I feel this would be a good time to share with you some very positive things about this pregnancy. After all, I don’t want to be that whiney pregnant chick who’s always like, wah my feet. Wah my back. Wah my wiggly tricep fat. At leat I don’t want to be that person here--since I spend more than enough time being her at home, thankyouverymuch.

For one, the bionic nose? Not so bad. Certainly its scifi-esque powers kick in during the occasional diaper change or wind direction change that carries with it unusual aromas from the Greek diner up the street; but otherwise I feel somehow, mercifully, thankfully spared from many of the gag-inducing smells of the last pregnancy.
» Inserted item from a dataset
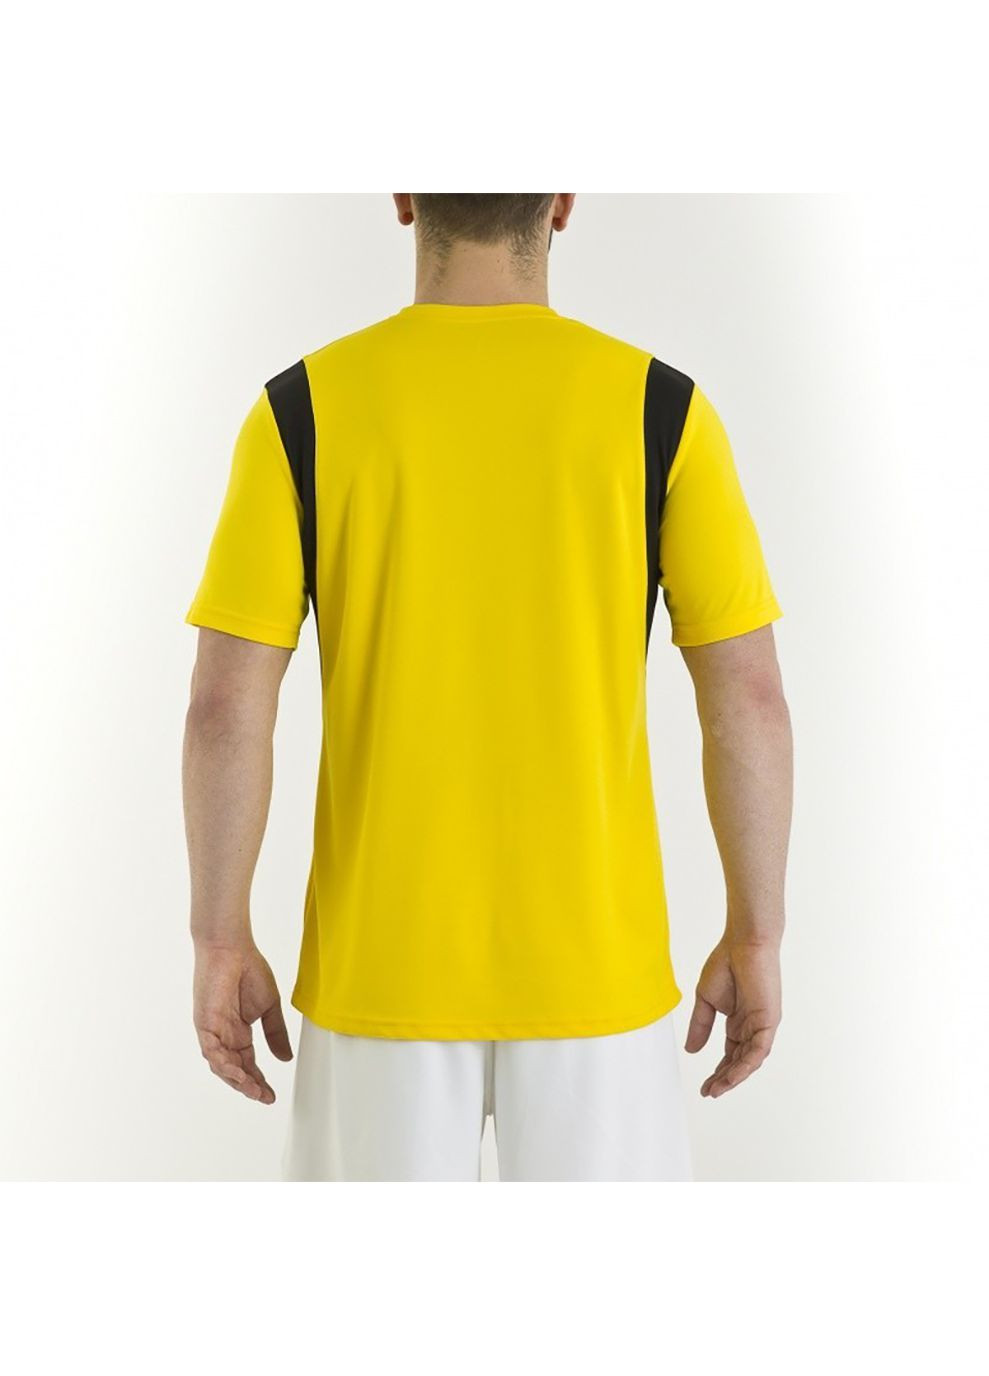 Жовта футболка t-shirt dinamo yellow s/s жовтий 100446.900 Joma

Perhaps it’s that I’ve stayed away from cooked green peppers and tuna melts. (Oh God – gagging just typing those last two words.) Or maybe it’s just that having a toddler on hand gives you those permasniffles that somehow counterbalances the bionic sense of smell and renders your olfactory system somehow normal. Either way, I’m just fine not being able to detect a White Diamonds violation from across a crowded restaurant or a bike messenger who feels that bathing is somehow against his god.
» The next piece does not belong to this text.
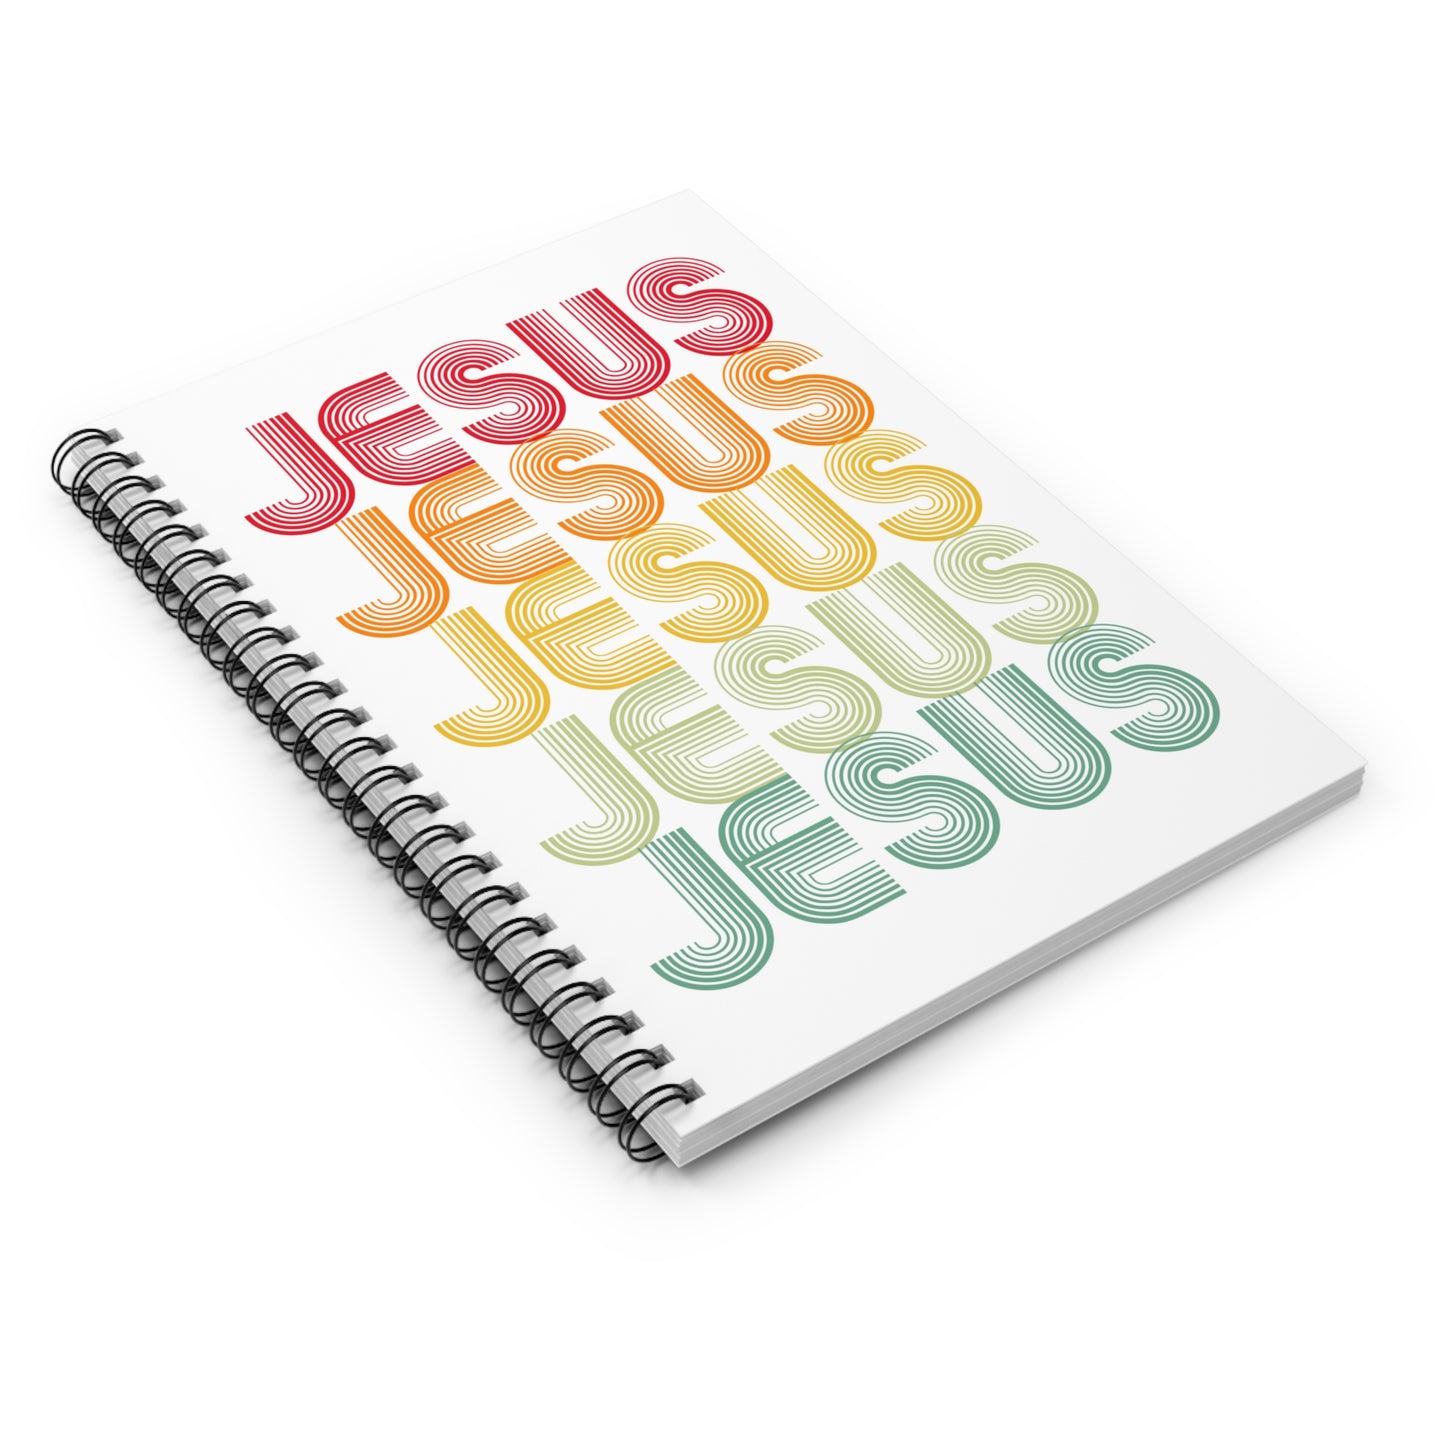 Retro JESUS Journal | Lined Spiral Notebook

Also, at this, the 14 week mark, the affliction known as Gross Pendulousness of the Boobs (Mamarium Distortium) just kicked in. Considering I was sleeping in a Bravado at 6 weeks last time--you should have seen the look on the saleswoman’s face when I casually mentioned my due date 8 months later--I’m delighted. Of course, now the things are swollen and tender and easily heavy enough to snap right off my body should I bend forward too quickly or hit a pothole on the FDR, but that’s to be expected. I’m just happy it took this long to get to this stage.

(And really, my small-boobied sisters, do not covet thy neighbors overinflated pregnancy boobs. The DD garments I own were taxed to their limits before I got knocked up. I'm avoiding getting resized now for fear of letters so high they have yet to be added to our alphabet. It's not attractive, I assure you.)
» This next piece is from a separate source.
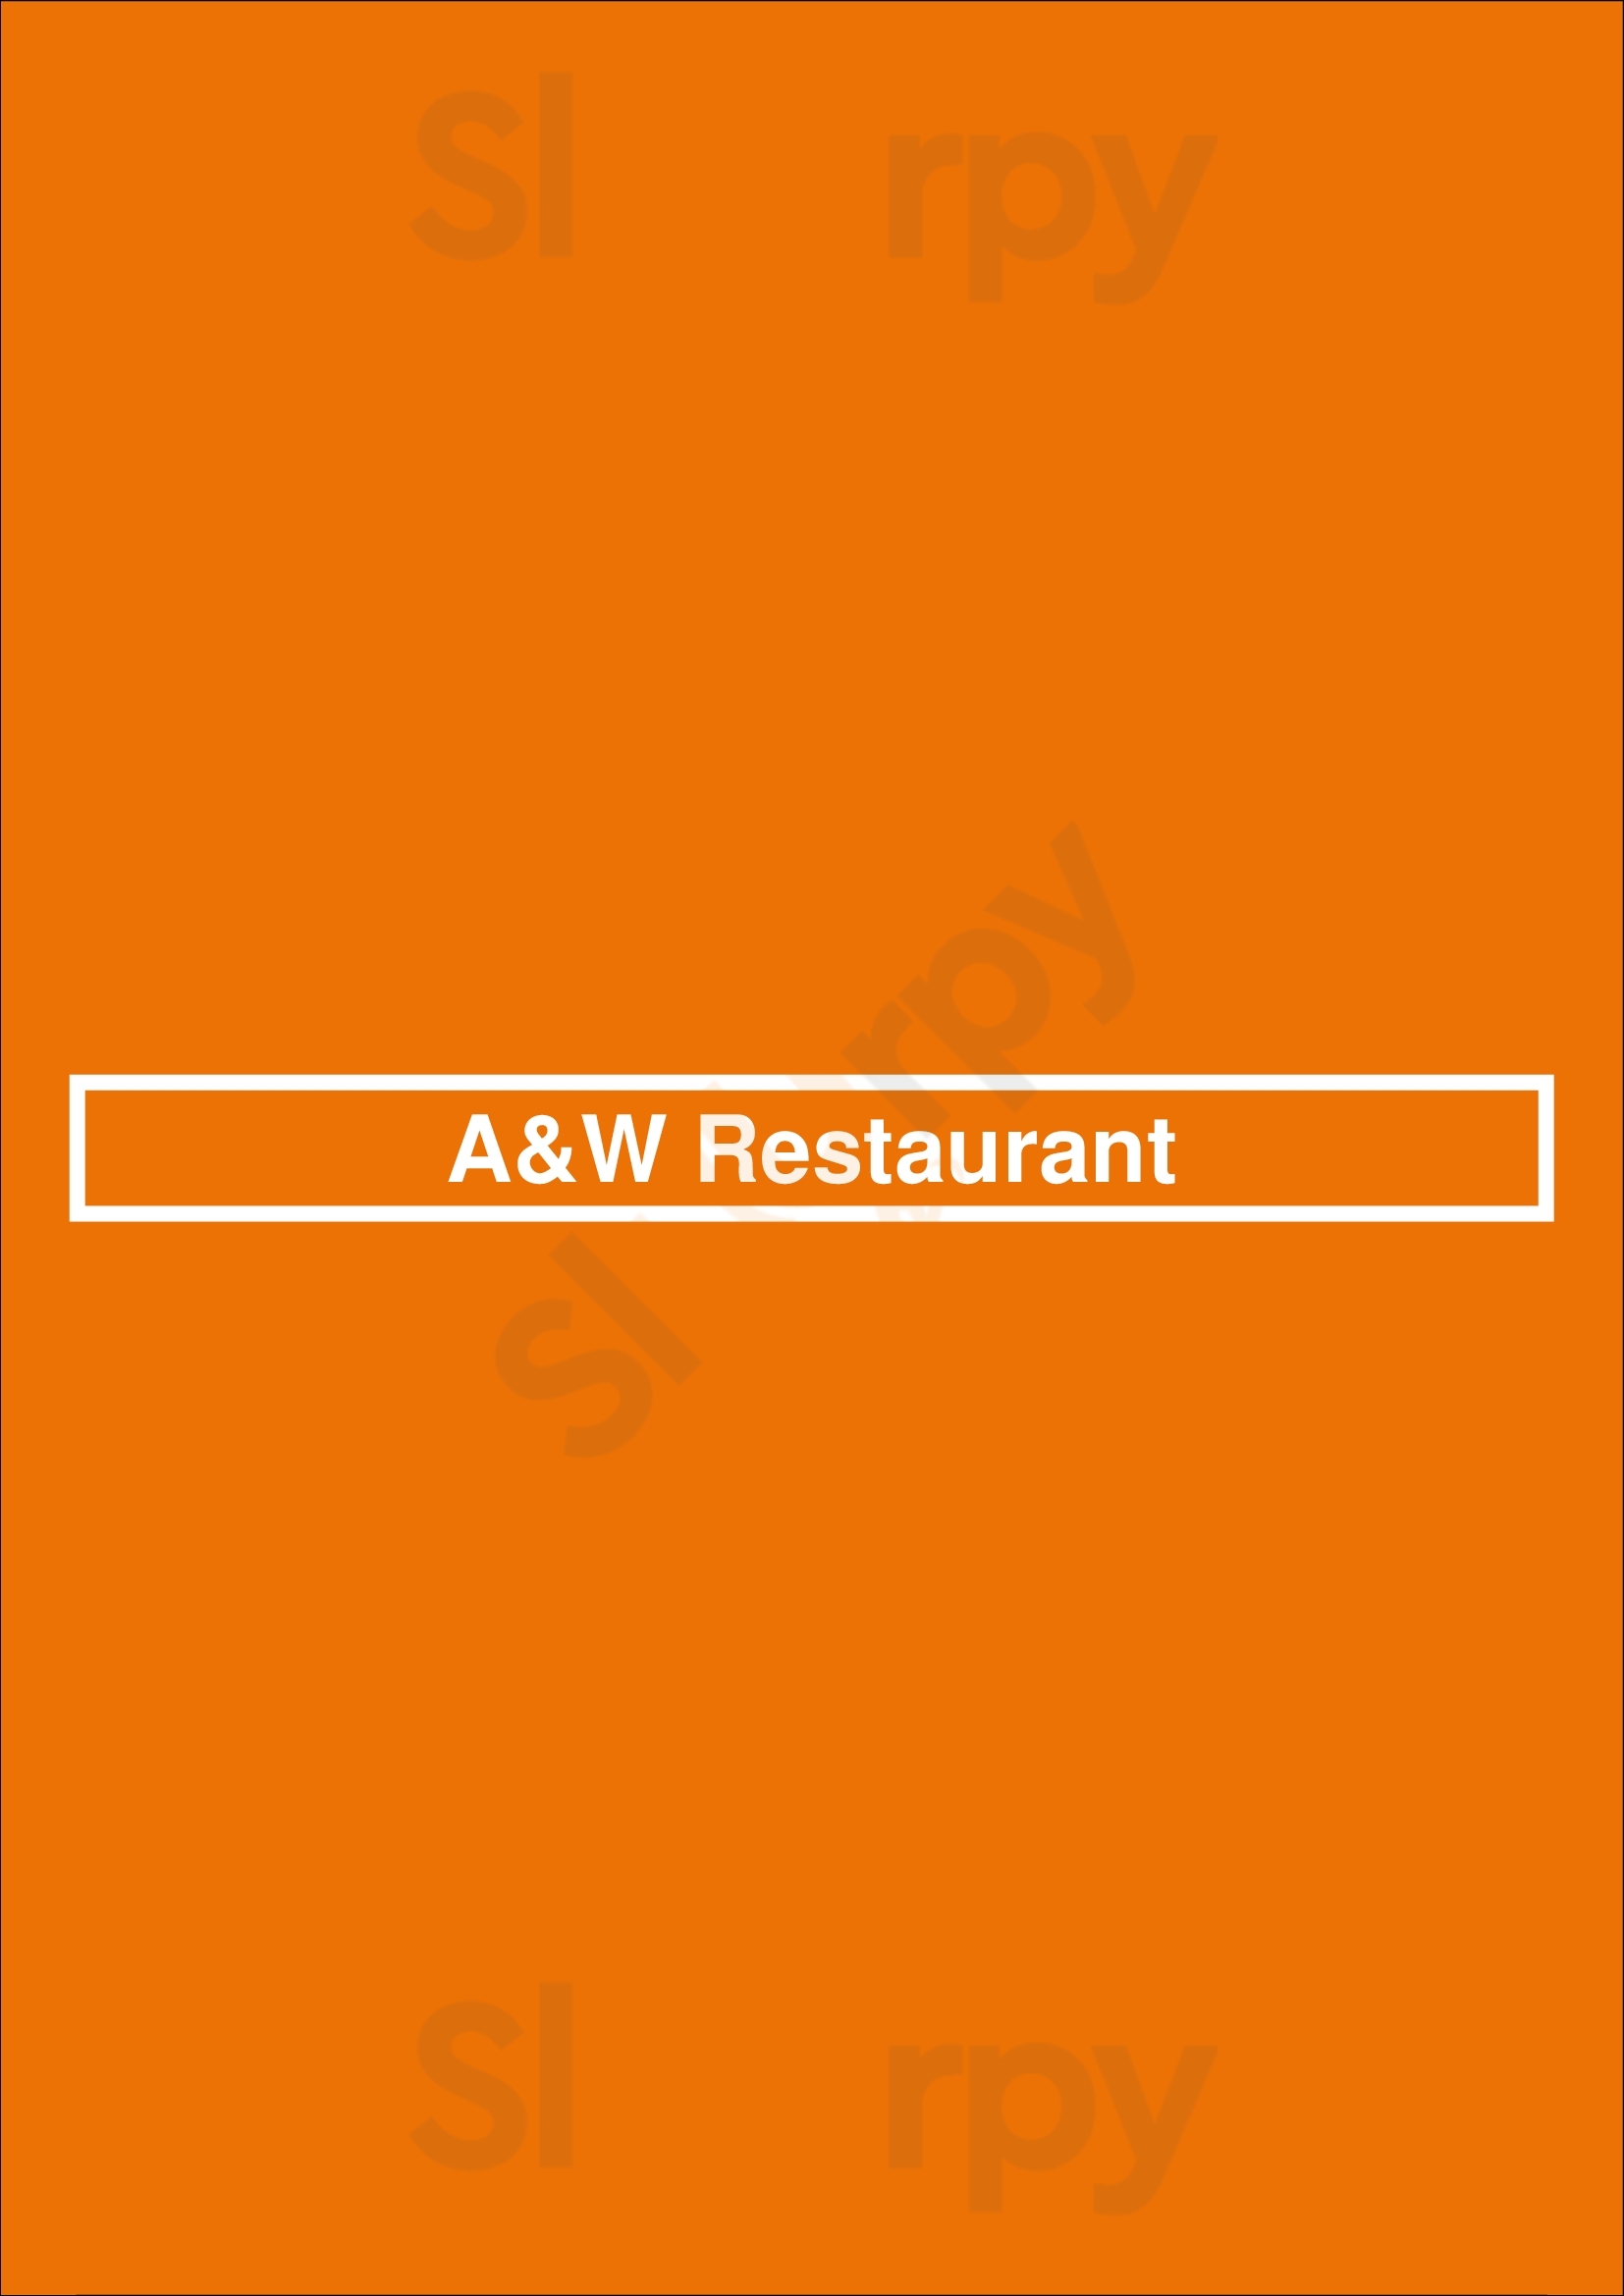 A&w Restaurant Vancouver Menu - 1

Last and most definitely not least, I must do a little happy dance that I’m not heaping on the poundage nearly as fast as last time around. I know part of it was due to my mandated physical inactivity. But if I am to be honest, my 45 pound weight gain was thanks in large part to the Frosted Flakes Factor. The Pop Tart Factor. The Chocolate Chip Scone Factor.

“I’m craaaaving it,” I’d say, interpreting my desire was a sign that my body somehow "needed it." Right. .

And so our pantries were filled with the cereals your mom never let you have, our counters overflowed with croissants and shortbread and all manners of flavored popcorn. There were telltale toaster cake crumbs at the bottom of the toaster, and a plentiful supply of ice cream in the freezer. Bad ice cream, too. Like, Chipwiches and Good Humor Chocolate Eclairs. The stains on my maternity shirts—the ones I wore way to early I might add—were definitely not from salad dressings. Except maybe blue cheese, which generously doused the French fries I ate nearly daily, accompanying my grilled cheese sandwiches and black and white milkshakes.

This time? Things are different. In fact just last week--I swear it's true, I have witnesses--I managed to eat a vegetable.

[pauses for applause.]

So the fact that I'm up five pounds today instead of sixteen gives me a forbidden, totally un-pc, feminist-betraying joy.

Not that I look good, mind you. You can see the pregnancy in my face before you see it on my hips, and that's saying something.

I’ll never be one of those skinny little things with the chiseled arms and the cute bumps that you don't even notice until the day before the elective C-section. Being The Cute Preggo just isn't the cards for me. However I’ll happily settle for being able to stand up from the couch at 14 weeks without leaving two humongous impressions in the fabric. In fact, I’m happy I can stand up from the couch at all without the help of two burly union guys.

So the way I see things, they could be worse. They have been worse. They could get worse--who knows. And now with the awareness of what real pregnancy stress can be, I’m not going to get crazy about forgetting a vitamin (or six) or the big zit right next to my nose or even a chocolate croissant binge.

For now.

I reserve the right to go whiney at any time.